My mom and sister visited; this stands out to me — and them — for some interesting reasons. You see, I’m typically a reserved kind of person; I have a strong, constant inner monologue, but I tend to keep my thoughts and, more specifically, my emotions to myself. Pumped full of no small number of things, though, and still in a half-shock state overall, the filter was most certainly off. I rambled endlessly, smiling and joking and choking back a welling weep-session all at once. I remember my mom remarking to the nurses that it was the most talkative she’d ever seen me. We had a laugh about that, too, and the nurses were very surprised by my open and, perhaps, off-colour humor about the entire affair. That remained a constant through my entire recovery process, a steady supply of gallows-jokes and oddly-worded commentary. I think it was a hallmark of my road back to whatever normalcy I was going to regain.

The results from the MRI showed, at least in a physical sense, the cause of my stroke. My right carotid artery had dissected, forming a blood clot over the time between when I initially felt the lightheadedness in the office before and when I’d been laid down on the exam table. Laying down had given it the opportunity it needed to travel upward, into my brain, causing what’s known as an ischemic stroke, spreading damage throughout the right side of my brain. I took pictures of the scan results with my phone.

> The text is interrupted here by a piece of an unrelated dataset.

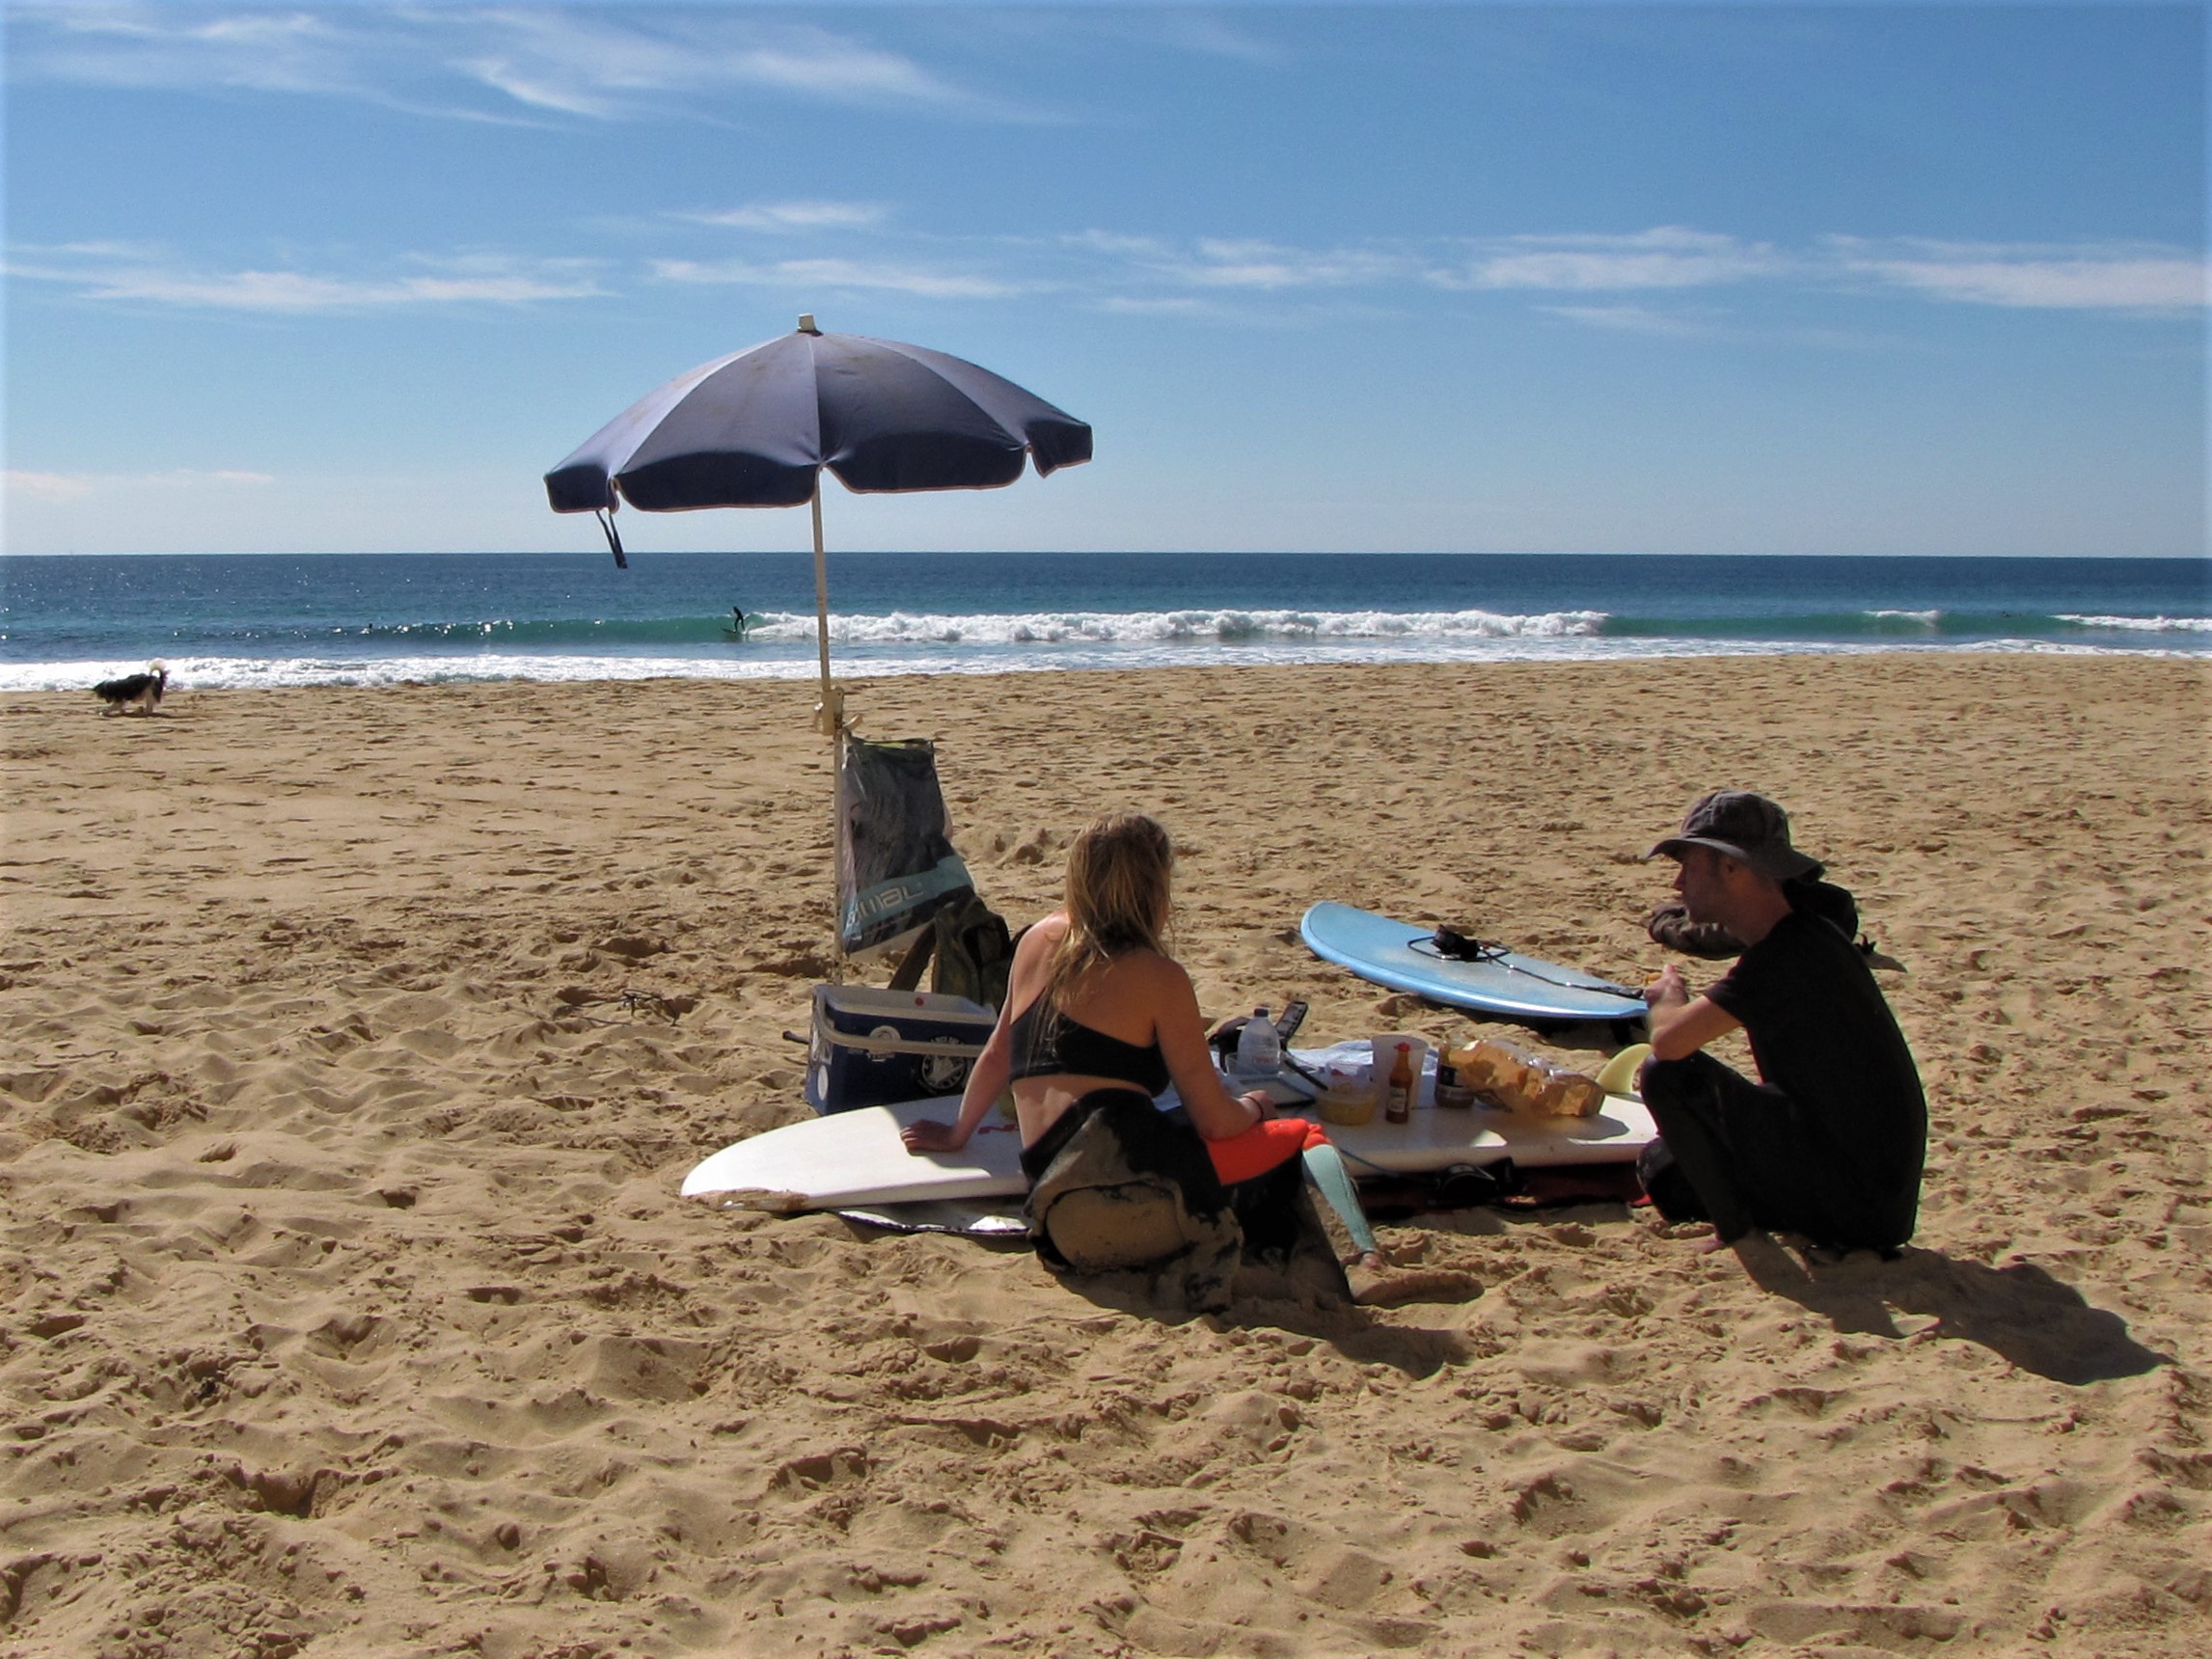 surf picknick in the sand on the beach of Praia da Luz

All told, I spent three days in the ICU. It’s a blur, as I’ve mentioned; I know my family members visited more, and my wife never left my side.  The ward nurses were even kind enough to look the other way and allow a brief but greatly appreciated rule-breaking visit from my son — kids aren’t typically allowed inside the ICU rooms, for relatively clear and logical reasons. I was taken for more MRIs at one point. I struggled through meals, each one bringing waves of nausea like I couldn’t believe. I don’t remember if, or how many times, I failed to keep it down. Anti-nausea medications were added to my existing retinue of drips, pills, and shots. Blood was drawn several times a day, monitoring the coagulation factors, looking for identifiable risks, searching for more answers about how an otherwise-healthy 27 year old male had come to be rendered half-mobile and swinging in and out of coherence. Nights were especially difficult, as laying in bed was my only activity in the day, and my limited mobility left few options to tire me. Fitfully, I weaved between moments of calm sleep and panicked sobbing. My hope dwindled with every passing hour, and, while I did all I could to imagine recovering, the crashing reality that I might never regain function in my left side splintered my emotions. I wondered — mostly, but not always, to myself —  if the Chaz of before all this was gone for good. I wondered if my mind would start to fade from me, and I would cease to be myself in a fundamental way.

Eventually, I was told I’d be moving to a normal room, outside of the ICU. Days of monitoring and constant vigilance had played out their role, and the doctors and neurologists were confident that I had stabilized enough to allow me to relocate. A room with less menacing-sounding monitors. A room with a window to the outside. A room where non-family visitors could enter. Ecstatic, I prepared for that as best I could; we spent the third night in a row crammed into the confines of the intensive unit, my wife still spending her night-times curled up in the small chair in the corner.